The exclusive club of family offices just got a comma shorter.
For the paltry $350,000, or just over five times the median U.S. household income, Equi allows individuals to invest in complex strategies focused on alternative assets, which the company says is common among billionaires looking to increase their wealth.
These billionaires and high net worth individuals often work with family offices that manage their investments. Thanks to Equi, millionaires can now also invest in these strategies. In addition, they can do so without having to invest $70 million in seed capital, which the company says would normally be required to access such strategies.
Alternative assets are attractive to some investors because they have historically provided higher returns than stocks or bonds. Equi offers several in its flagship investment fund, including hedge funds, private equity, private real estate and venture capital.

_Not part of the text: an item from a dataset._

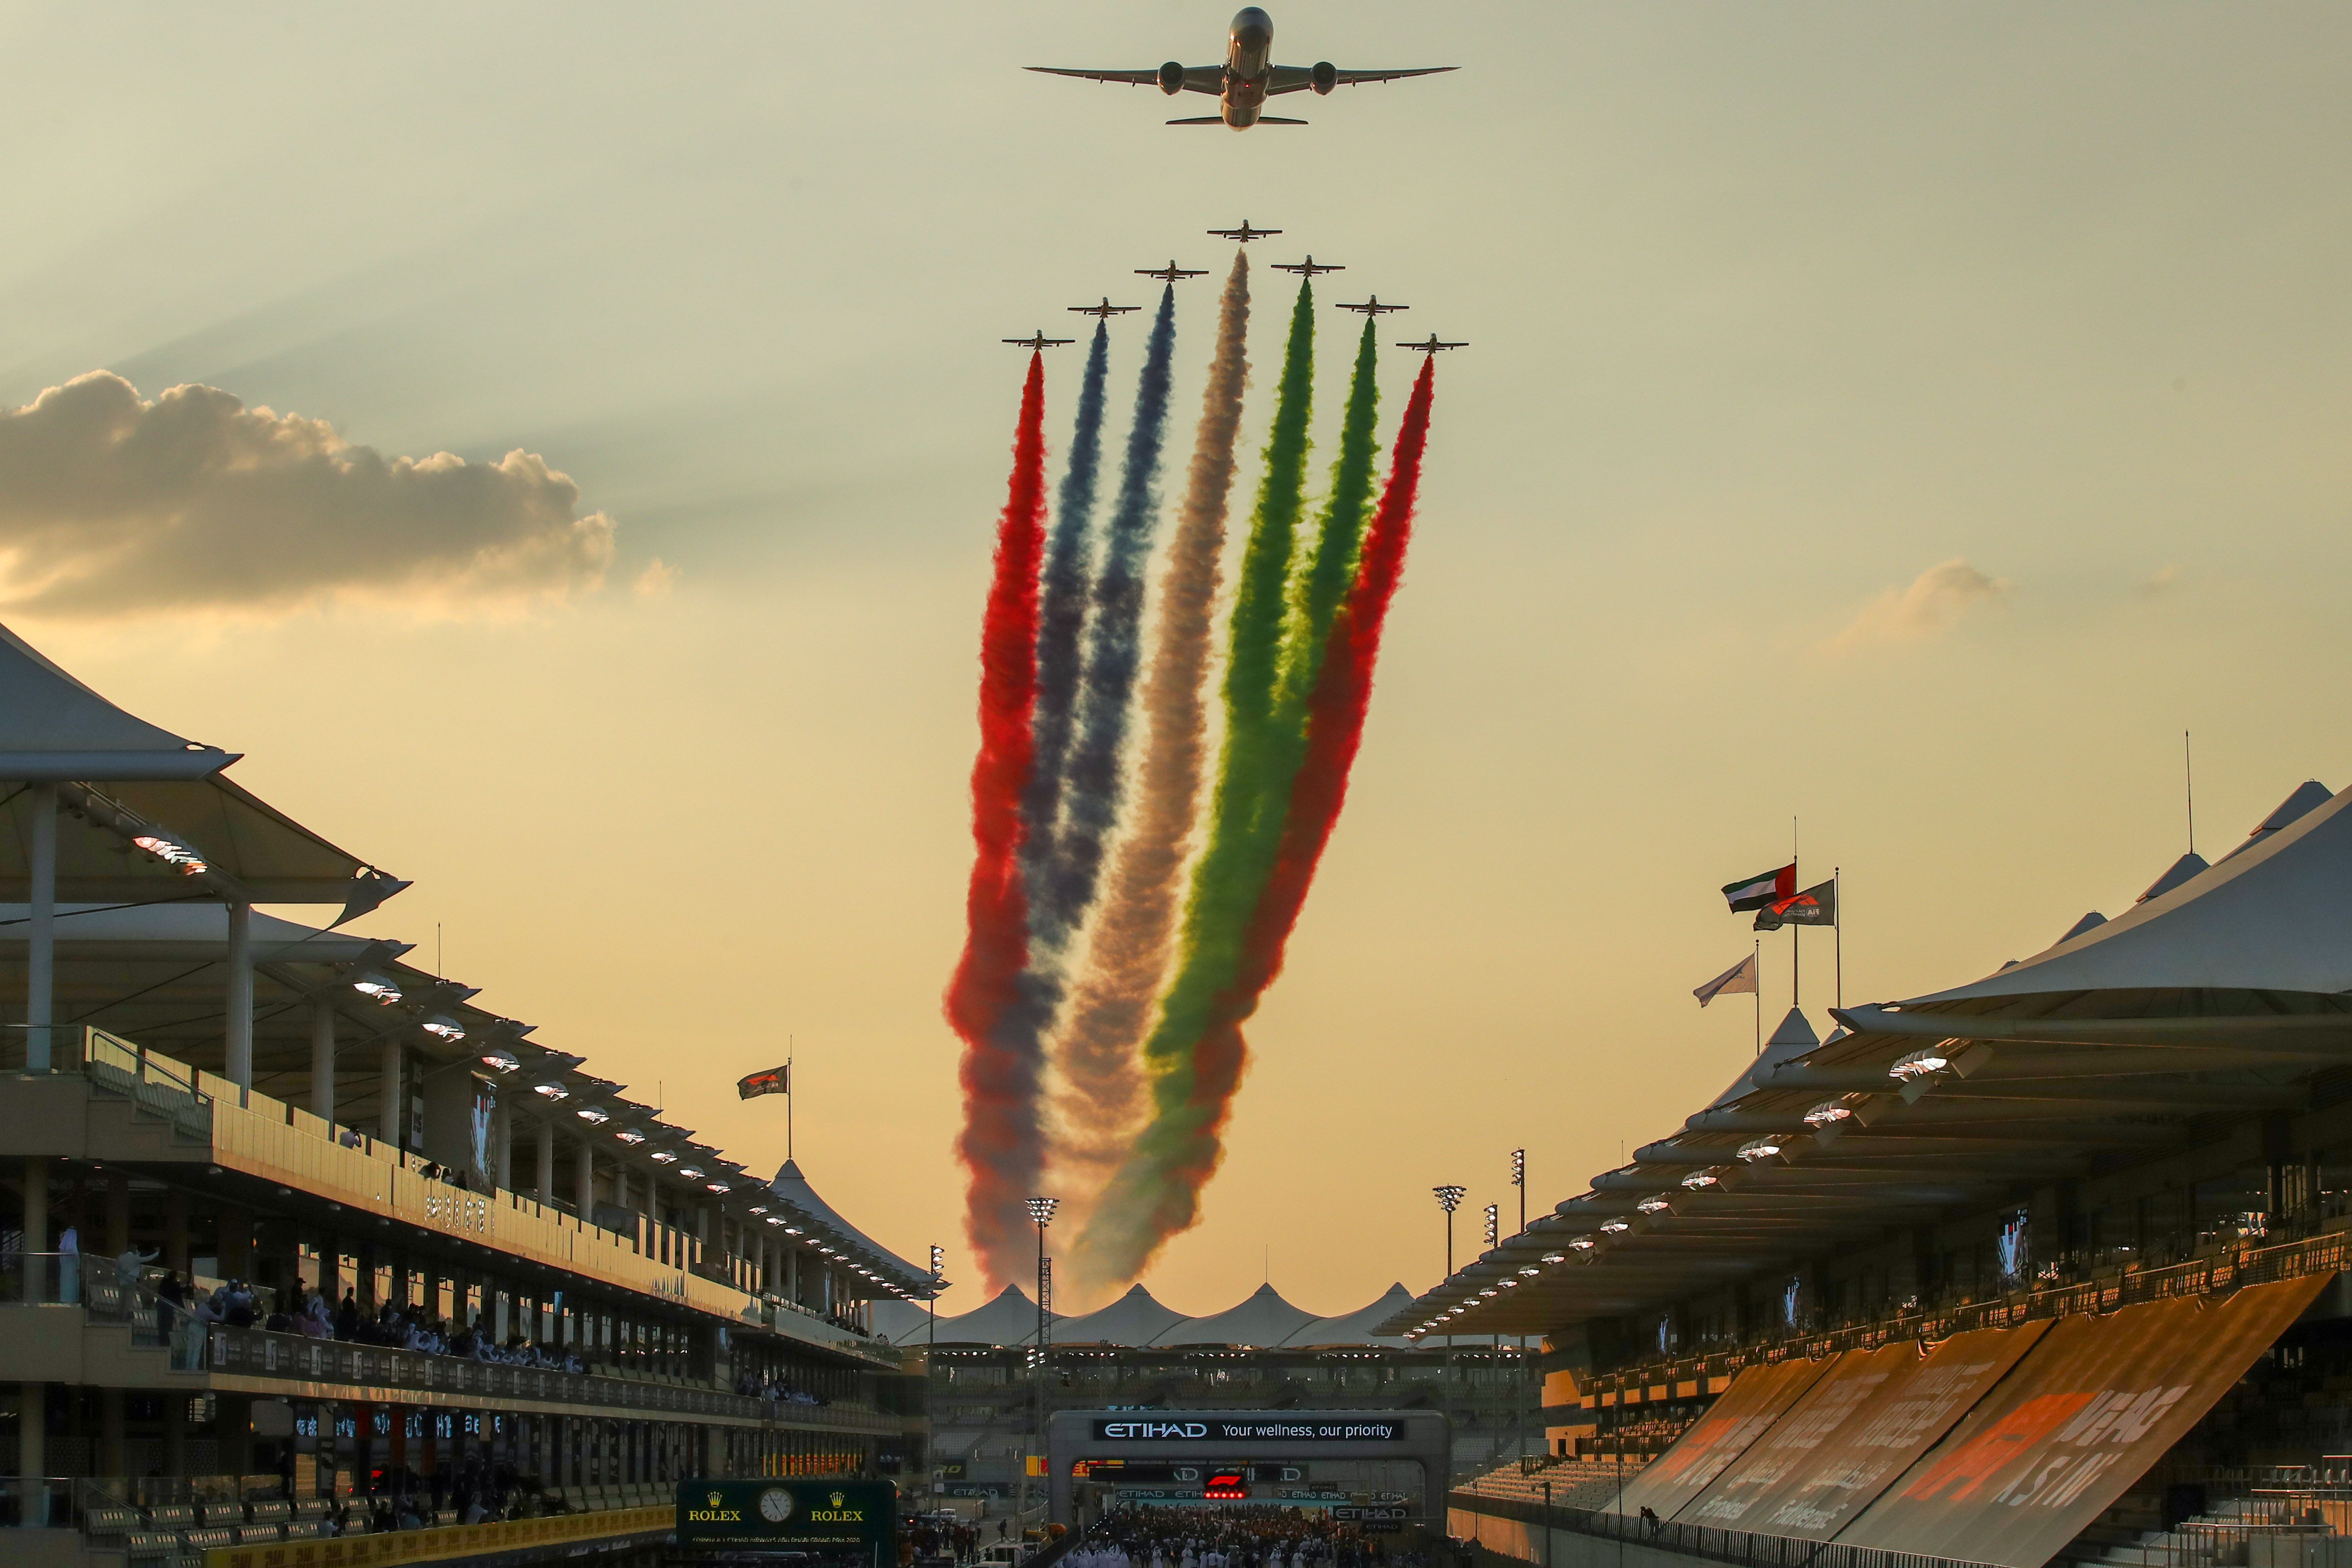 Boeing 787 Dreamliner flying over the Abu Dhabi F1 Grand Prix

The flagship fund Equi was launched just over a year ago and has a target annual return of 17-23%. In comparison, the S&P 500 has an annual average return of 10.5% over its lifetime, although it remains to be seen whether Equi can continuously deliver these high returns over a long time horizon.

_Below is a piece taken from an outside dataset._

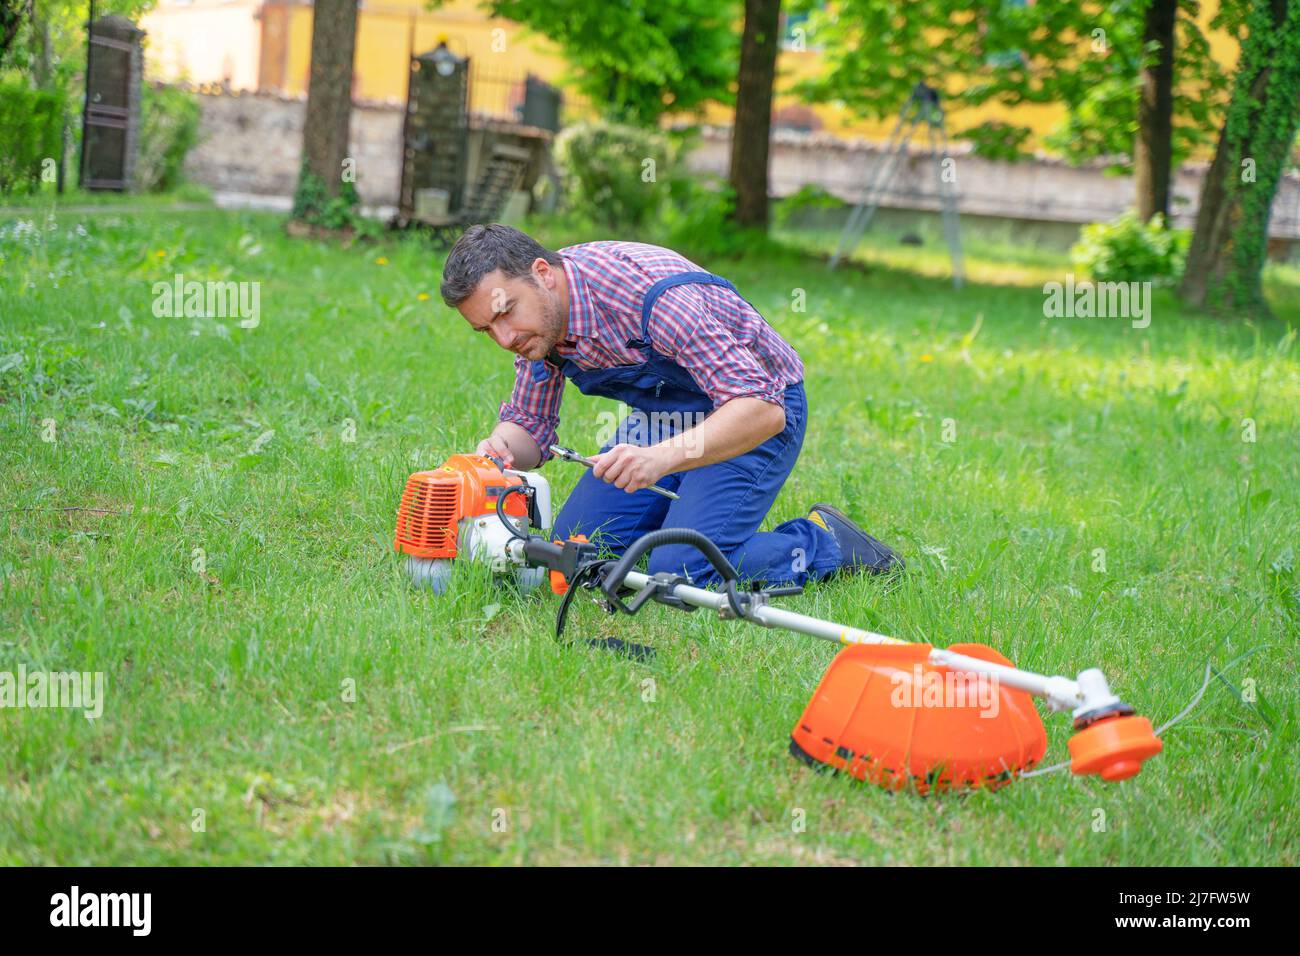 One gardener mowing grass fixing brush cutter problem Stock Photo

To invest with Equi, one must qualify as an accredited investor, usually by meeting an annual income threshold of $200,000 for individuals or $300,000 for married couples. About 1 in 10 American households meet this definition.
While it serves this very small fraction of investors today, Equi hopes eventually to scale up its product offerings to include registered public funds that can attract tens of thousands of investors at significantly lower minimums, whether or not they are accredited. business.
Equi co-founder and CEO Tory Reiss worked as a financial literacy teacher for many years while working in a variety of technical positions, he told MovieUpdates in an interview. Through these efforts, he had vulnerable conversations about money with a wide variety of people, realizing that most of them invested in traditional portfolios of stocks and bonds through mutual funds, if at all.
“The traditional investment advice of just average the dollar cost in Vanguard funds, and hope everything turns out alright — that was true, and that was good advice for, say, the last 40 years that we’ve been in this declining interest rate environment,” Reiss said. .
“But when I got to a point where I really had enough money to invest and could afford to look at different asset classes, I really started studying real estate and private credit,” he continued.
Inspired by the iconic book Pioneering Portfolio Management, the iconic book by ex-Yale endowment chief David Swensen, Reiss began investing in some of these alternatives with the aim of maximizing portfolio diversification. Once he started experimenting with these strategies, Reiss no longer felt comfortable advocating for others on behalf of traditionally prescribed investment advice when he wasn’t following it himself, he said.
Reiss’ entrepreneurial journey in fintech began when he co-founded the consumer debt refinancing tool Harvest Money in 2017. The company raised seed capital from investors, but shut down shortly after due to issues between Reiss and its co-founder, he said.
Reiss’ next venture, TrustToken, was much more successful. The stablecoin company, co-founded by Reiss in 2018, raised $30 million in funding from investors last August, including Andreessen Horowitz, and continues to scale its platform today. Still, Reiss said, he couldn’t get the idea for Equi out of his head, so he began researching it as a research project before taking the plunge to focus on it full-time in early 2020.
According to the company, Equi’s minimum investment of $350,000 has fallen from $1 million when it first launched.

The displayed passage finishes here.